Five postgraduates and six young scientists from Russia, including two PhD students from Skoltech, became winners and were awarded research grants at the “Young Russian Mathematics 2019” contest.
A follow-on to the Pierre Deligne competition (2005-2009) and Dmitry Zimin’s Foundation’s Dynasty competition (2006-2014), the annual Young Russian Mathematics contest is a joint undertaking of the Skolkovo Institute of Science and Technology (Skoltech) and Basis Foundation, with additional financial support coming from the personal funds of Dmitry Zimin, Pierre Deligne, Alexander Gerko, Anton Murashov, Amir Aliev, and other sponsors.
Selected specifically for the contest and independently from universities or institutions, the jury is co-chaired by the outstanding Belgian mathematician, Pierre Deligne, and President of the Moscow Mathematical Society and Full Member of the Russian Academy of Sciences, Victor Vasiliev. The jury is composed of world-renowned mathematicians and scientists, including Skoltech professors, Sergey Lando and Igor Krichever.

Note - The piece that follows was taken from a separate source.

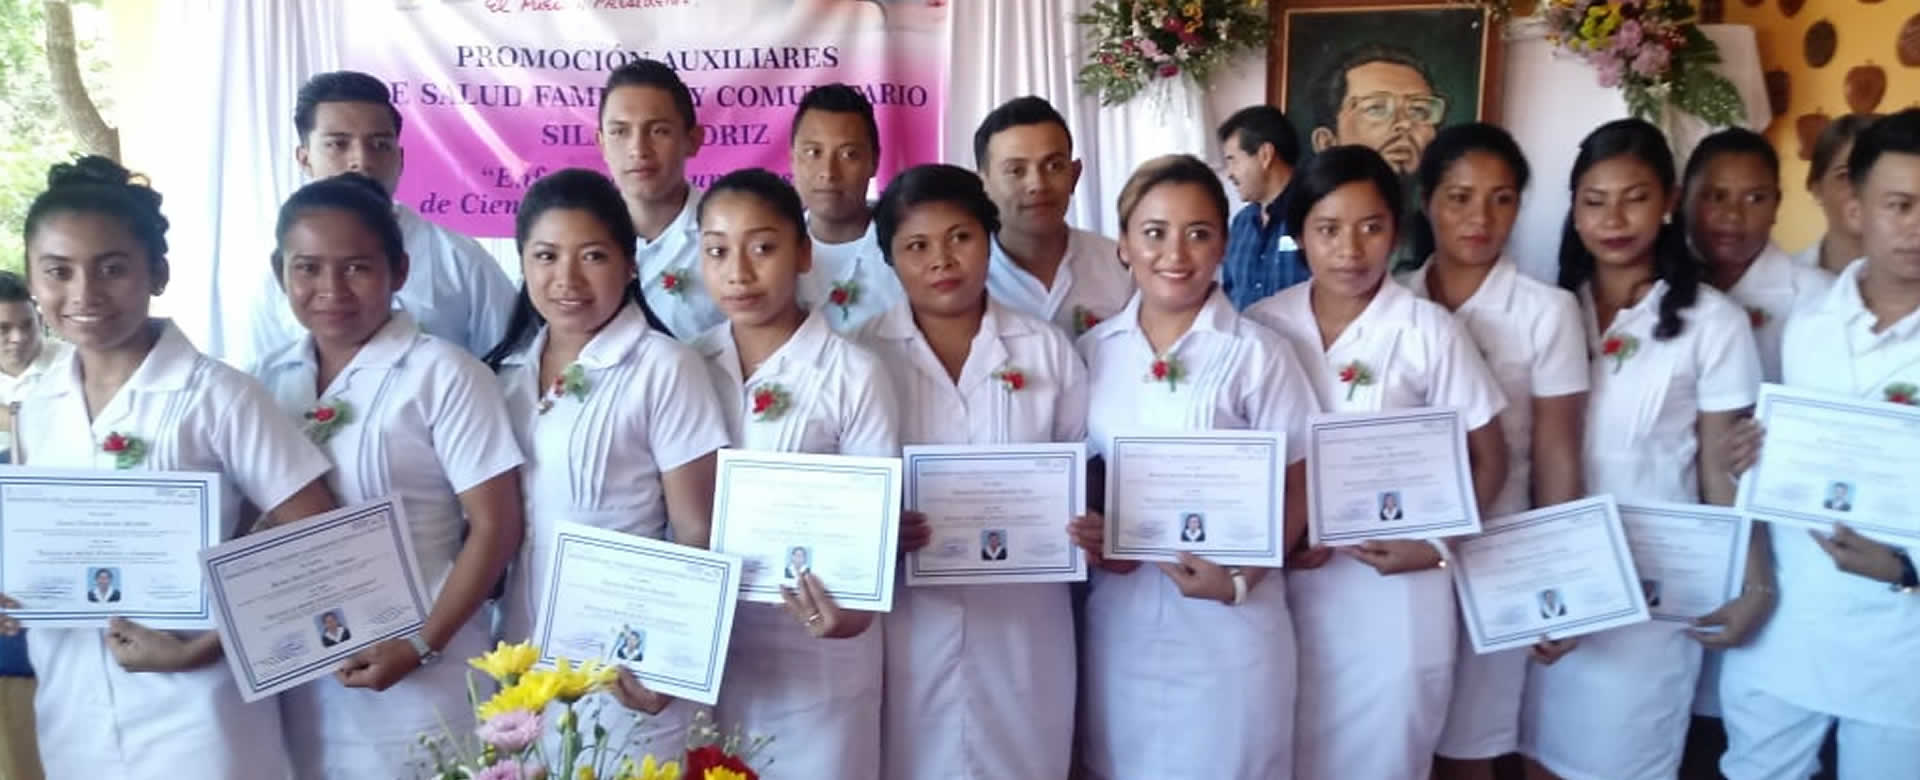 El Ministerio de Salud (MINSA) realizó la cuarta promoción de enfermeros auxiliares y comunitarios en el departamento de Madriz.

“Young Russian Mathematics 2019 features ambitious research projects that the jury evaluates in terms of relevance for a specific area of mathematics and the contestant’s problem-solving potential, in much the same way as at other mathematical competitions,” says Professor Igor Krichever, a jury member and Director of the Skoltech Center of Advanced Studies (CAS). “Most postgraduates tend to choose a project topic related to their supervisor’s area of research. Sadly, the outcome of the 2019 competition seems to suggest that supervisors coming from cities other than Moscow, St. Petersburg and, perhaps, a couple other cities with a strong mathematical tradition, lack expertise that would enable their students to excel in their mathematical research, although I’m not sure that my conclusion is fair enough. Also, the best students choose to continue their studies in the cities mentioned above or even abroad, and this is a worrying fact in itself. On the bright side, the projects coming from those cities are of high quality.”
The contest features a “Support Program for Postgraduates and Young Scientists with a(n) (Under)graduate Degree” (Program 1) and a “Support Program for Young Scientists with a Candidate of Sciences or Doctor of Sciences Degree” (Program 2). Every participant is supposed to present a 3-year research project to the jury. The winners are awarded 3-year grants split into monthly amounts of 30,000 and 40,000 rubles for the winners of Programs 1 and 2, respectively. The competition terms and conditions are presented on the website of the Moscow Center for Continuing Mathematical Education.
This year, the winners are Ilya Vilkoviskiy (Skoltech), Mark Dorodny, Pavel Osipov, Arseny Sagdeev, and Mykola Semenyakin (Skoltech) in Program 1 and Yakov Verevkin, Mikhail Gabdullin, Andrey Druzhinin, Elena Kirshanova, Egor Kosov, and Andrey Lavrenov in Program 2.
“I am particularly pleased that Ilya Vilkoviskiy and Mykola Semenyakin of Skoltech are among the five winners of the competition for postgraduates and young scientists. I’d like to congratulate them and wish them further success,” said Professor Krichever.